1.1. Il motivo è inammissibile ex art. 360bis n. 1 c.p.c., alla luce del consolidato orientamento di questa Corte, secondo cui ‘ il diritto al risarcimento del danno da tardiva od incompleta trasposizione nell’ordinamento interno – realizzata solo con il d.lgs. 8 agosto 1991, n. 257 – delle direttive n. 75/362/CEE e n. 82/76/CEE, relative al compenso in favore dei medici ammessi ai corsi di specializzazione universitari, si prescrive (…) nel termine decennale decorrente dalla data di entrata in vigore (27 ottobre 1999) della legge 19 ottobre 1999, n. 370, il cui art. 11 ha riconosciuto il diritto ad una borsa di studio soltanto in favore di quanti, tra costoro, risultavano beneficiari delle sentenze irrevocabili emesse dal giudice amministrativo ‘ (così Sez. 6 – 3, Ordinanza n. 6606 del 20/03/2014, Rv. 630184 -01; nello stesso senso, ex multis , Sez. 3, Ordinanza n. 2958 del 31/01/2024; Sez. L, Ordinanza n. 18961 del 11/09/2020; Sez. 6 – L, Ordinanza n. 14112 del 07/07/2020; Sez. 6 – 3, Ordinanza n. 13281 del 1°/07/2020; Sez. 3 – , Ordinanza n. 13758 del 31/05/2018, Rv. 649044 – 01; Sez. 3 – , Sentenza n. 23199 del 15/11/2016, Rv. 642976 -01; Sez. 3, Sentenza n. 16104 del 26/06/2013, Rv. 626903 -01; Sez. 3, Sentenza n. 17868 del 31/08/2011, Rv. 619357 – 01); princìpi, com’è noto, risalenti alle
sentenze gemelle nn. 101813, 10814, 10815 e 10816 del 2011, confermati ancora di recente dalle Sezioni Unite di questa Corte (Sez. U, Sentenza n. 17619 del 31/05/2022).

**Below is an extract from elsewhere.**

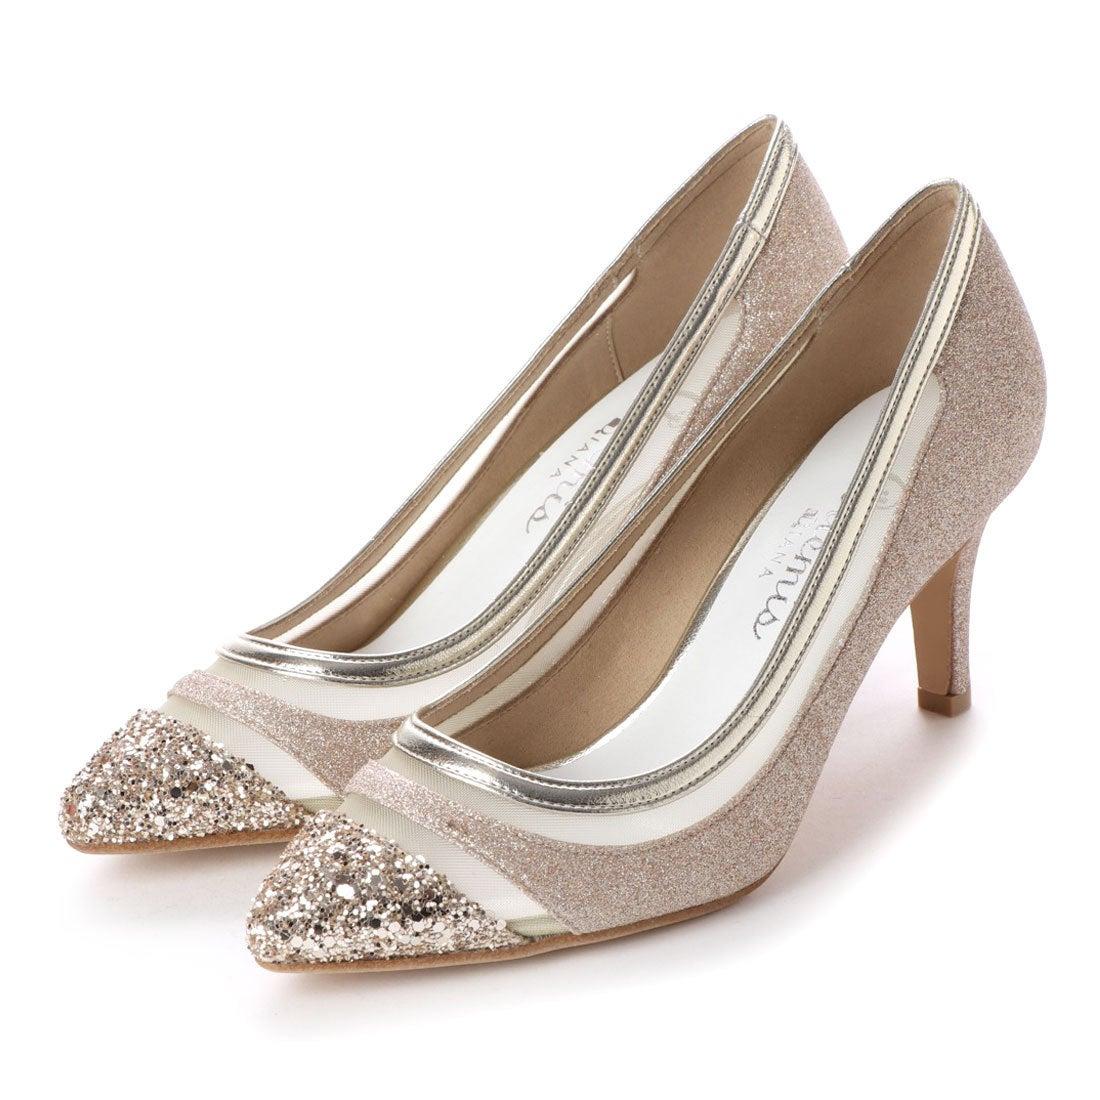 f58e489c45dc0 アルテミス バイ ダイアナ artemis by DIANA ラメグリッターチュールパンプス (ゴールドラメ) -靴&ファッション通販  ロコンド〜自宅で試着、気軽に返品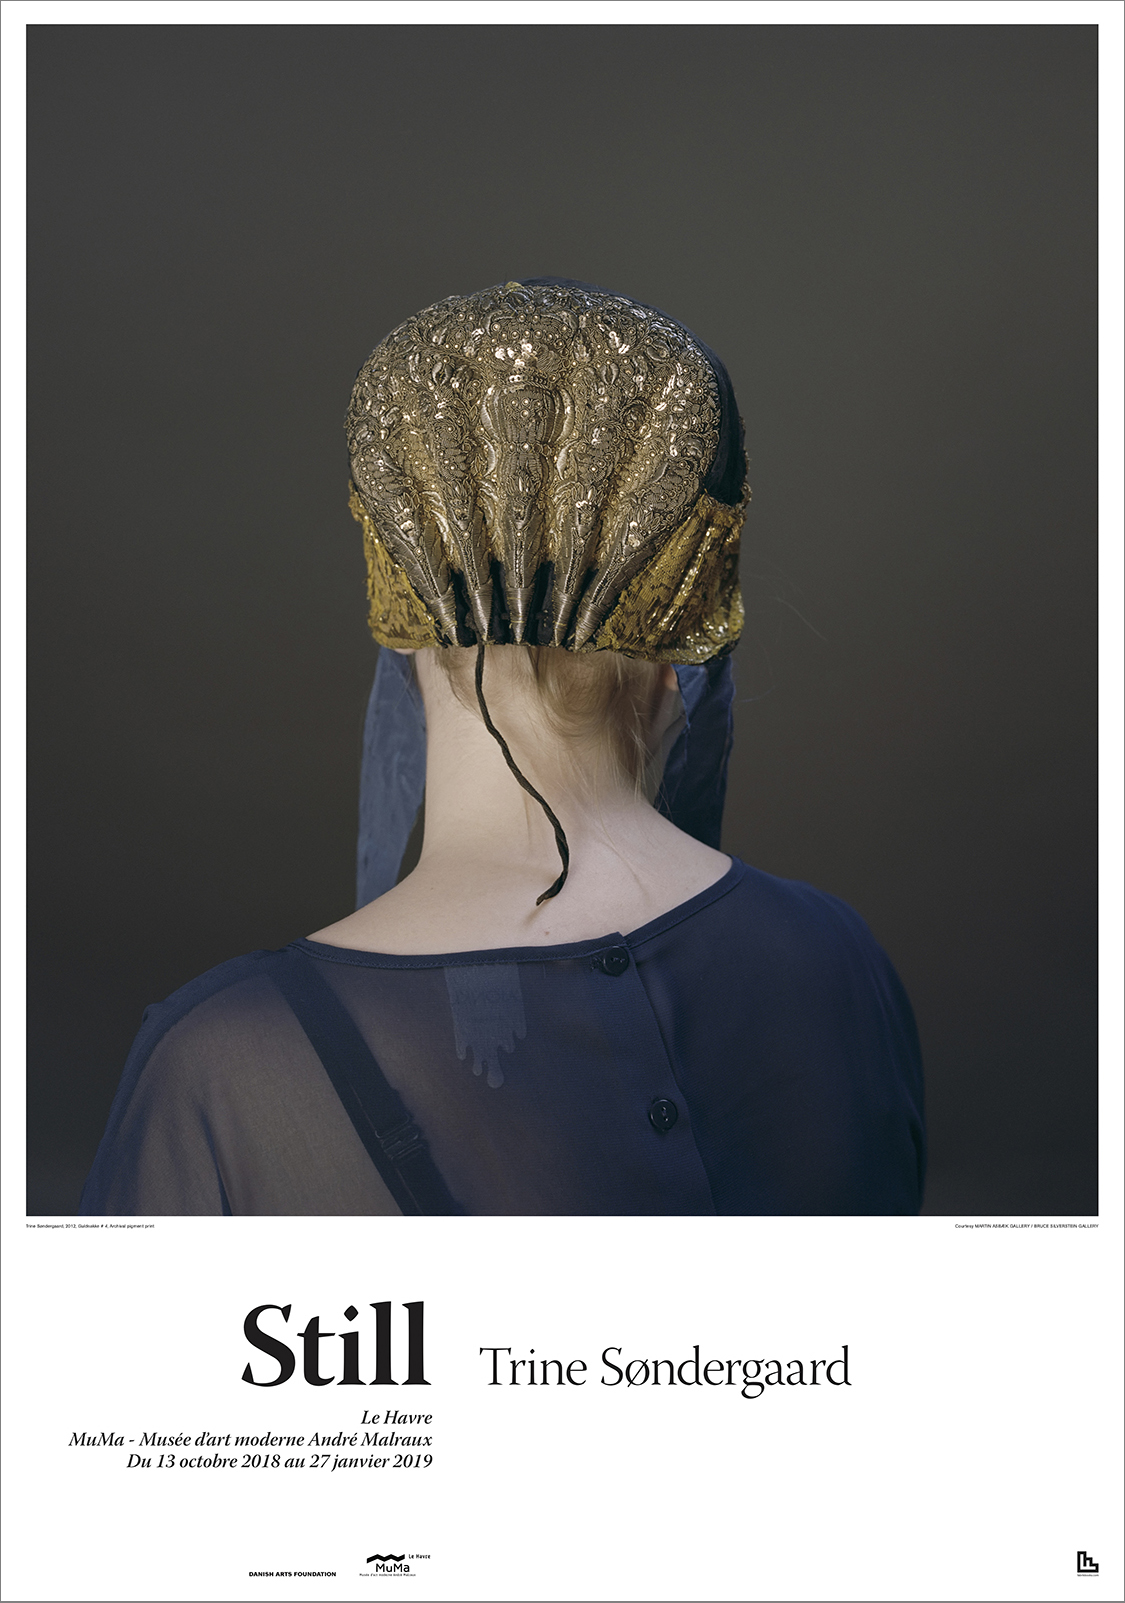 Poster by Trine Søndergaard measuring 70 x 100 cm

1.2. Il principio appena ricordato non solo non collide, ma anzi è puntualmente conforme all’orientamento espresso dalla Corte di Giustizia nella sentenza COGNOME (CGUE, sentenza 19.5.2011, in causa C-452/09), invocata dal ricorrente. In tale sentenza infatti si è affermato che:
(a) lo Stato inadempiente nell’attuazione di una direttiva comunitaria, se convenuto in giudizio da chi domandi il risarcimento del danno causato dalla tardiva attuazione di quella direttiva, ben può opporre all’attore l’eccezione di prescrizione, se non fu lo Stato con il suo comportamento a causare la tardività del ricorso:
(b) l’accertamento da parte della Corte di giustizia della violazione del diritto dell’Unione europea è ininfluente sul dies a quo del termine di prescrizione, allorché detta violazione è fuori di dubbio (come già ritenuto da questa Corte con le sentenze nn. 10813, 10814, 10815 e 10816 del 2011, cui adde Sez. 3, Sentenza n. 17868 del 31/08/2011).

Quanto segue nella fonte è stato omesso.